Extensions to incorporate covariates in an npLCM are critical for two reasons. Firstly, covariates such as season, age, disease severity and HIV status may directly influence $\bm{\pi}$ . Secondly, in an npLCM without covariates, the relative probability of assigning a case subject to class $\ell$ versus class $\ell^{\prime}$ depends on the FPRs (Wu et al.,, 2016) which are estimable using the control data. However, the FPRs may vary by covariates which if not modeled will bias the assignment of cause-specific probabilities for each case subject. For example, pathogen A found in a case’s nasal cavity less likely indicates etiologic significance than a colonization during seasons with high asymptomatic carriage rates, and much more so when the same pathogen rarely appears in healthy subjects.

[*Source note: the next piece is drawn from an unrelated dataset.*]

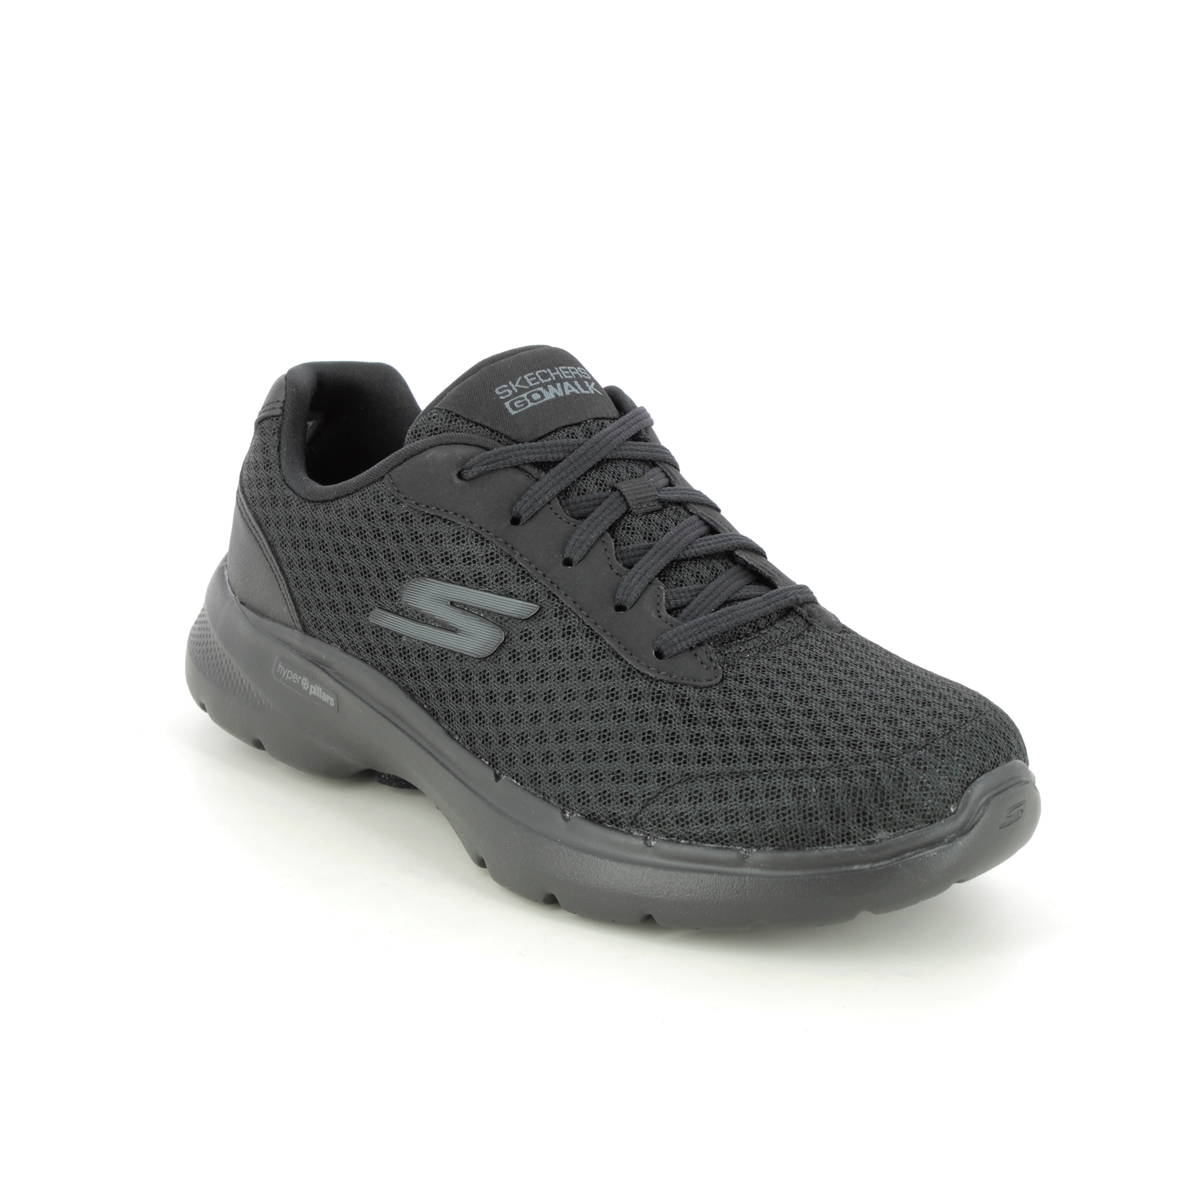 Skechers Go Walk 6 Lace BBK Black Womens trainers 124514 in a Plain Man-made in Size 6

Adapting existing no-covariate methods to account for discrete covariates, one may perform a fully-stratified analysis by fitting an npLCM to the case-control data in each covariate stratum. Like pLCM, the npLCM is partially-identified in each stratum (Wu et al.,, 2017), necessitating multiple sets of independent informative priors across multiple strata. There are two primary issues with this approach. First, sparsely-populated strata defined by many discrete covariates may lead to unstable PEF estimates. Second, it is often of policy interest to quantify the overall cause-specific disease burdens in a population. Let the overall PEFs $\bm{\pi}^{\ast}=(\pi^{\ast}_{1},\ldots,\pi^{\ast}_{L})^{\top}$ be the empirical average of the stratum-specific PEFs. Since the informative TPR priors are often elicited for a case population and rarely for each stratum, reusing independent prior distributions of the TPRs across all the strata will lead to overly-optimistic posterior uncertainty in $\bm{\pi}^{\ast}$ , hampering policy decisions.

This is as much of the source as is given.